Would you transcribe all of the data exactly, down to the last character?
########
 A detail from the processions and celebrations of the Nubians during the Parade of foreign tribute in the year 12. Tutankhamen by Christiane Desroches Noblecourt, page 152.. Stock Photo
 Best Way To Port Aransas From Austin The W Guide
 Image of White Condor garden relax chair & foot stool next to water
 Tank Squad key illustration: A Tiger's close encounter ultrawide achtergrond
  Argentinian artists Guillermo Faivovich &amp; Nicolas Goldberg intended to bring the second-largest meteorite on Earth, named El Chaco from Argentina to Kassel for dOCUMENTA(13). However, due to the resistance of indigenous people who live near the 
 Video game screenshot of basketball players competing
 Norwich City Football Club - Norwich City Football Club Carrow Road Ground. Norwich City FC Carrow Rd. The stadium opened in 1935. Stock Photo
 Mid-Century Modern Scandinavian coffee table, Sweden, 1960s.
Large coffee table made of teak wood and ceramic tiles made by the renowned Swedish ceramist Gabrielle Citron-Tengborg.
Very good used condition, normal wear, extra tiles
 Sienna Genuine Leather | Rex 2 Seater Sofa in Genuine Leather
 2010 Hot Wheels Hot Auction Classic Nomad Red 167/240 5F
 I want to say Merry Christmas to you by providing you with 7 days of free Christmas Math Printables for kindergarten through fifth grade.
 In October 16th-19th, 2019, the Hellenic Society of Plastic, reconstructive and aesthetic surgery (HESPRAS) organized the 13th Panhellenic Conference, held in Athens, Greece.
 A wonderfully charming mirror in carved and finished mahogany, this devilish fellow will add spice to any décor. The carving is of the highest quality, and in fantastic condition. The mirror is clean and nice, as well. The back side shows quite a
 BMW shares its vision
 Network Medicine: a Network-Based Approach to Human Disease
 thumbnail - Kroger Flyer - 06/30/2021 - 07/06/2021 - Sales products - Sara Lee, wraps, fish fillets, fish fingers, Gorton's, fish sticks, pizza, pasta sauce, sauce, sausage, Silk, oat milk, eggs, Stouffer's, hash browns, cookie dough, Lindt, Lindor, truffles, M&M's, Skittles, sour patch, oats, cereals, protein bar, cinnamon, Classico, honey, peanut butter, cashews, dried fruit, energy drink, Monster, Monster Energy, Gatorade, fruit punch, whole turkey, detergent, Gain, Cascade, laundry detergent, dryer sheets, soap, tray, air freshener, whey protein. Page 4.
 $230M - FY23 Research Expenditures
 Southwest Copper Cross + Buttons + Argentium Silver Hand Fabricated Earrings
########
- Response to the exercise
 A detail from the processions and celebrations of the Nubians during the Parade of foreign tribute in the year 12. Tutankhamen by Christiane Desroches Noblecourt, page 152.. Stock Photo
 Best Way To Port Aransas From Austin The W Guide
 Image of White Condor garden relax chair & foot stool next to water
 Tank Squad key illustration: A Tiger's close encounter ultrawide achtergrond
  Argentinian artists Guillermo Faivovich &amp; Nicolas Goldberg intended to bring the second-largest meteorite on Earth, named El Chaco from Argentina to Kassel for dOCUMENTA(13). However, due to the resistance of indigenous people who live near the 
 Video game screenshot of basketball players competing
 Norwich City Football Club - Norwich City Football Club Carrow Road Ground. Norwich City FC Carrow Rd. The stadium opened in 1935. Stock Photo
 Mid-Century Modern Scandinavian coffee table, Sweden, 1960s.
Large coffee table made of teak wood and ceramic tiles made by the renowned Swedish ceramist Gabrielle Citron-Tengborg.
Very good used condition, normal wear, extra tiles
 Sienna Genuine Leather | Rex 2 Seater Sofa in Genuine Leather
 2010 Hot Wheels Hot Auction Classic Nomad Red 167/240 5F
 I want to say Merry Christmas to you by providing you with 7 days of free Christmas Math Printables for kindergarten through fifth grade.
 In October 16th-19th, 2019, the Hellenic Society of Plastic, reconstructive and aesthetic surgery (HESPRAS) organized the 13th Panhellenic Conference, held in Athens, Greece.
 A wonderfully charming mirror in carved and finished mahogany, this devilish fellow will add spice to any décor. The carving is of the highest quality, and in fantastic condition. The mirror is clean and nice, as well. The back side shows quite a
 BMW shares its vision
 Network Medicine: a Network-Based Approach to Human Disease
 thumbnail - Kroger Flyer - 06/30/2021 - 07/06/2021 - Sales products - Sara Lee, wraps, fish fillets, fish fingers, Gorton's, fish sticks, pizza, pasta sauce, sauce, sausage, Silk, oat milk, eggs, Stouffer's, hash browns, cookie dough, Lindt, Lindor, truffles, M&M's, Skittles, sour patch, oats, cereals, protein bar, cinnamon, Classico, honey, peanut butter, cashews, dried fruit, energy drink, Monster, Monster Energy, Gatorade, fruit punch, whole turkey, detergent, Gain, Cascade, laundry detergent, dryer sheets, soap, tray, air freshener, whey protein. Page 4.
 $230M - FY23 Research Expenditures
 Southwest Copper Cross + Buttons + Argentium Silver Hand Fabricated Earrings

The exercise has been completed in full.